Now, finally – sex. If you’re lucky enough to not only still be awake the second your head hits your pillow but actually also have the energy to move….then good luck to you!

See, the things I’ve learnt since having my kids is this: without sex, they wouldn’t exist. Without my boobs, I couldn’t have fed them natures intended milk. If periods didn’t happen (and at some point in the near future this WILL be the case) there would be no egg to fertilise and I wouldn’t have any children at all. And finally, all the horribly undignified experiences I have faced through pregnancy and beyond are all daily reminders of the absolute power, strength, tenacity and determination that I have within me that enabled me to give birth naturally to two big beautiful boys. (I also know how lucky I am that I was able to do this with no complications, as I know for many others, family and friends included, that this isn’t always the case.)

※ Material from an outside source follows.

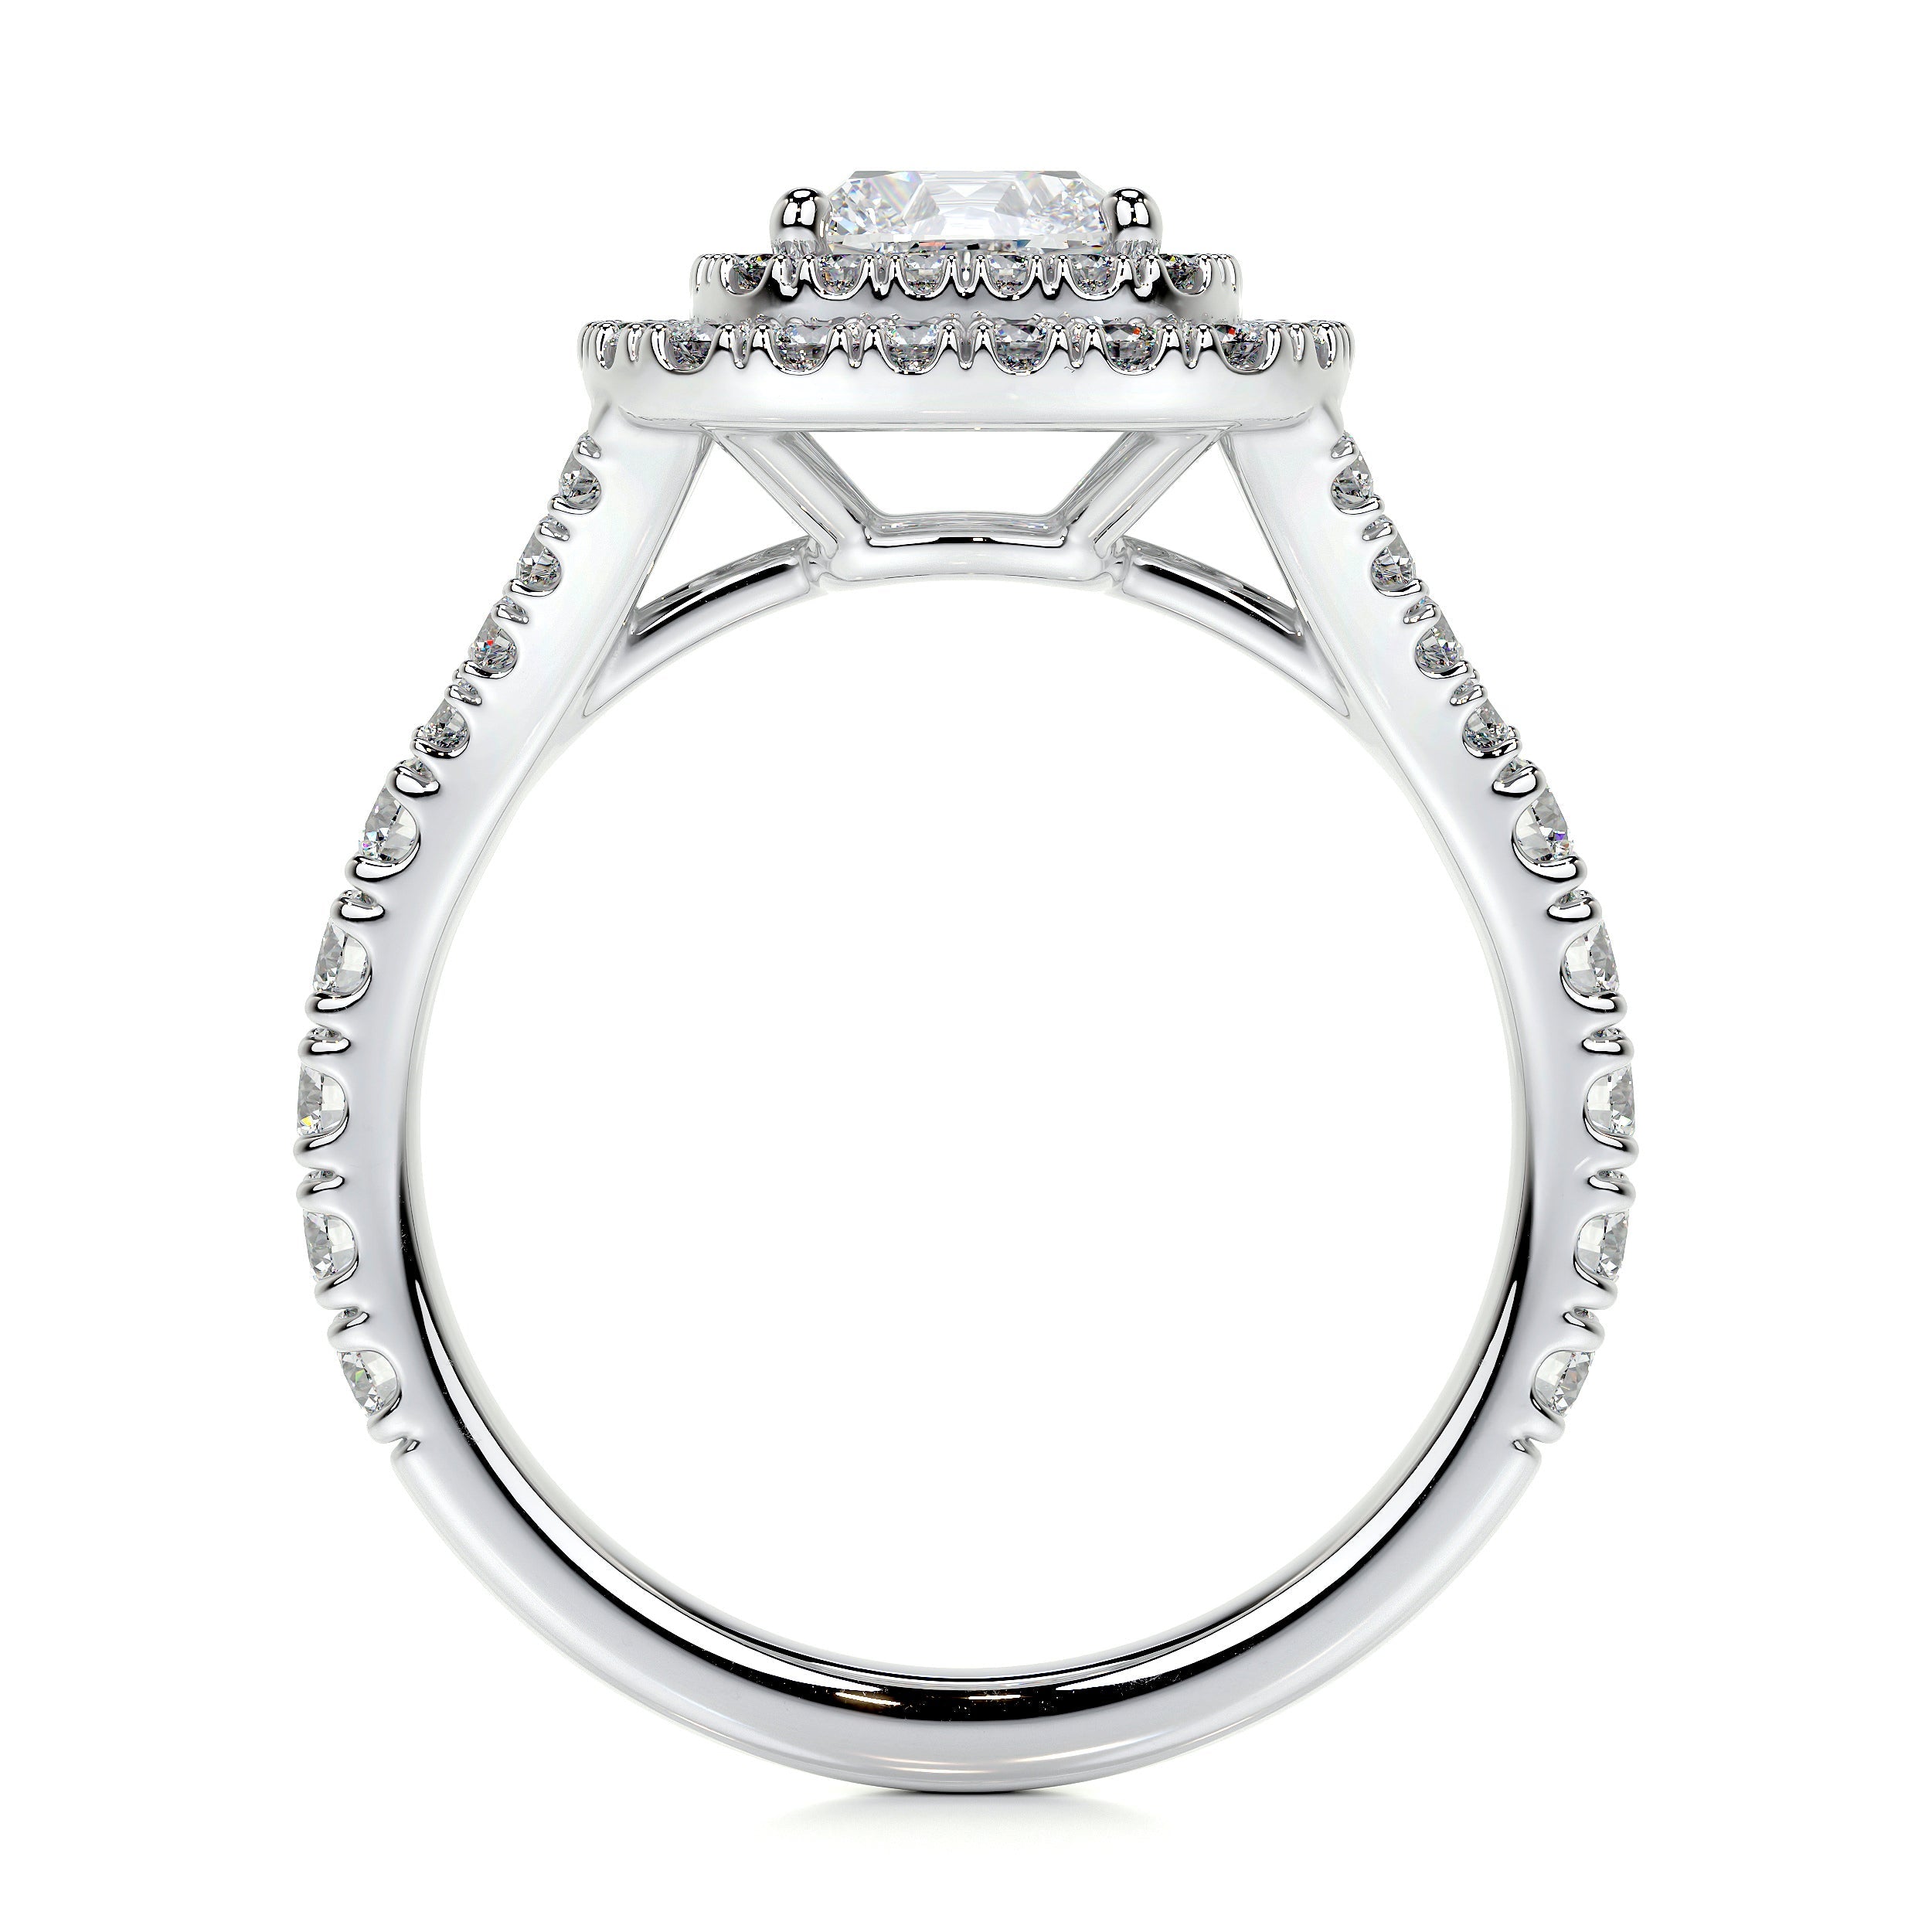 Tina Lab Grown Diamond Ring   (1.90 Carat) -18K White Gold
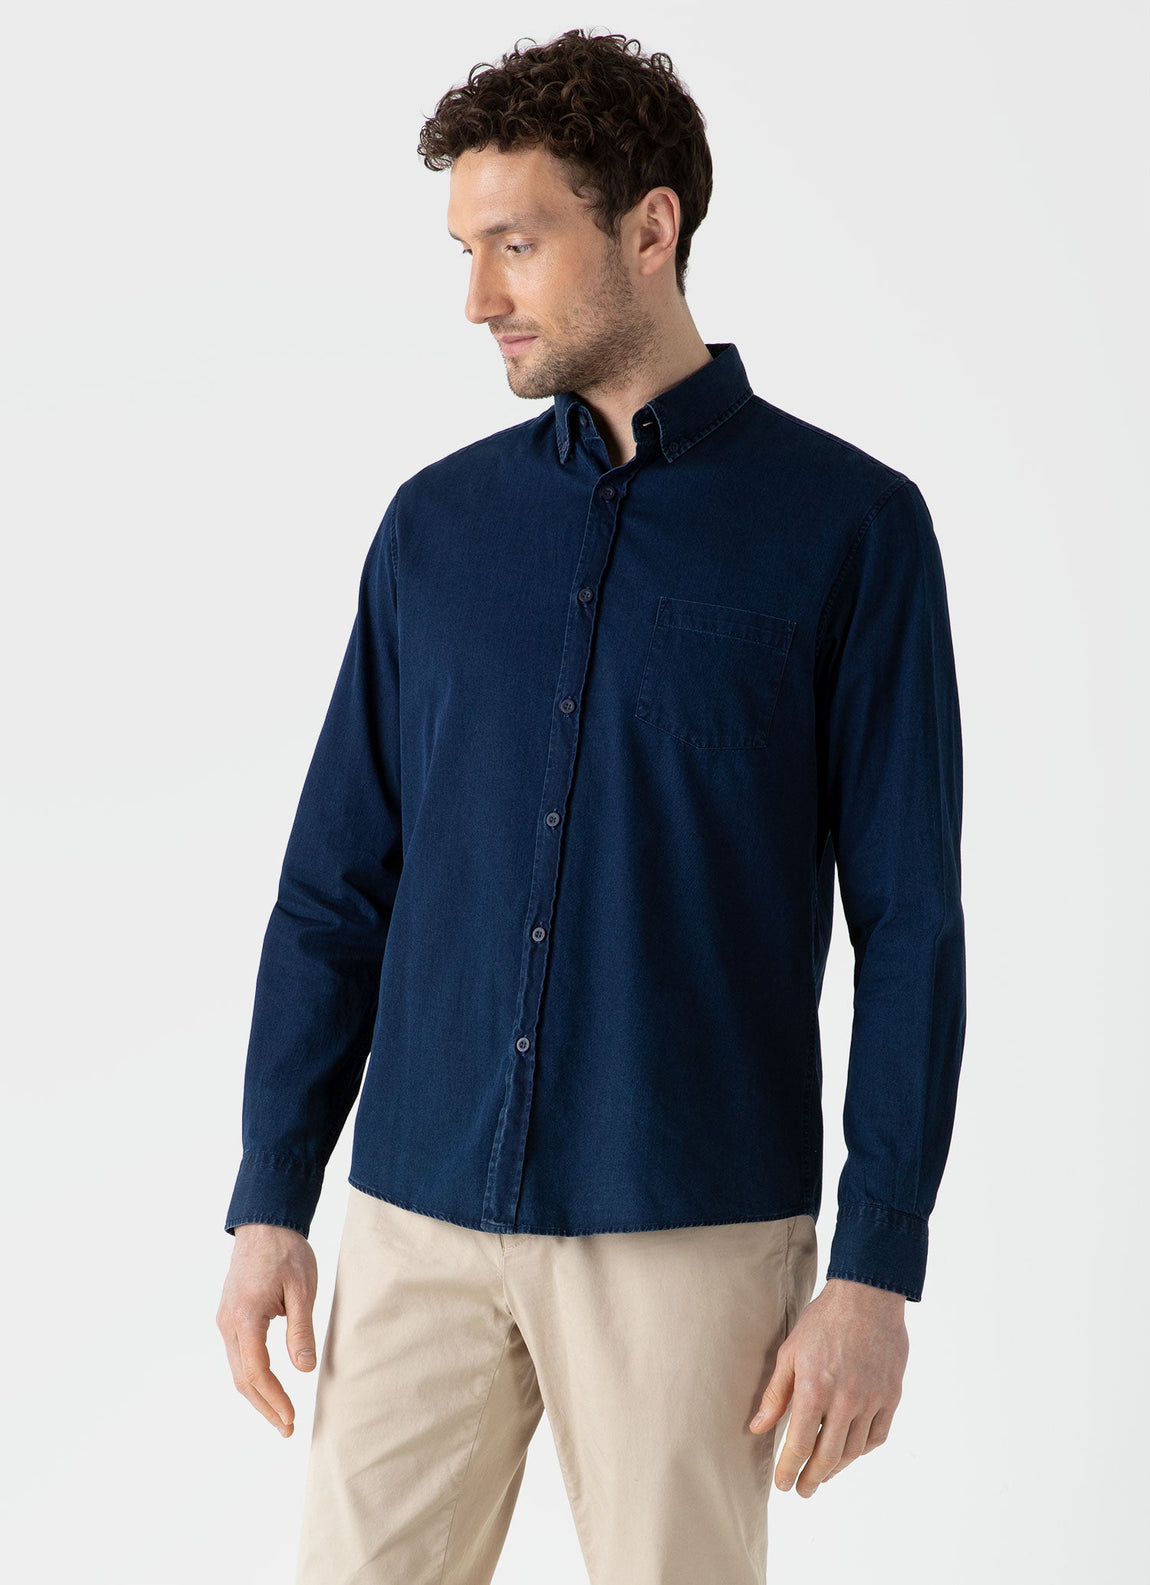 Men's Button Down Denim Shirt in Indigo

I am a firm believer that we should all embrace and love our bodies through the good the bad and the ugly. Be proud of what we as women have, can and will achieve in the future. Know that we are capable of achieving our goals and so much more. For gods sake, if we can push a baby out of our vaginas or endure the pain, frustration and immobility whilst still continuing with childcare after a C-section then, truly, there is nothing that can stop us!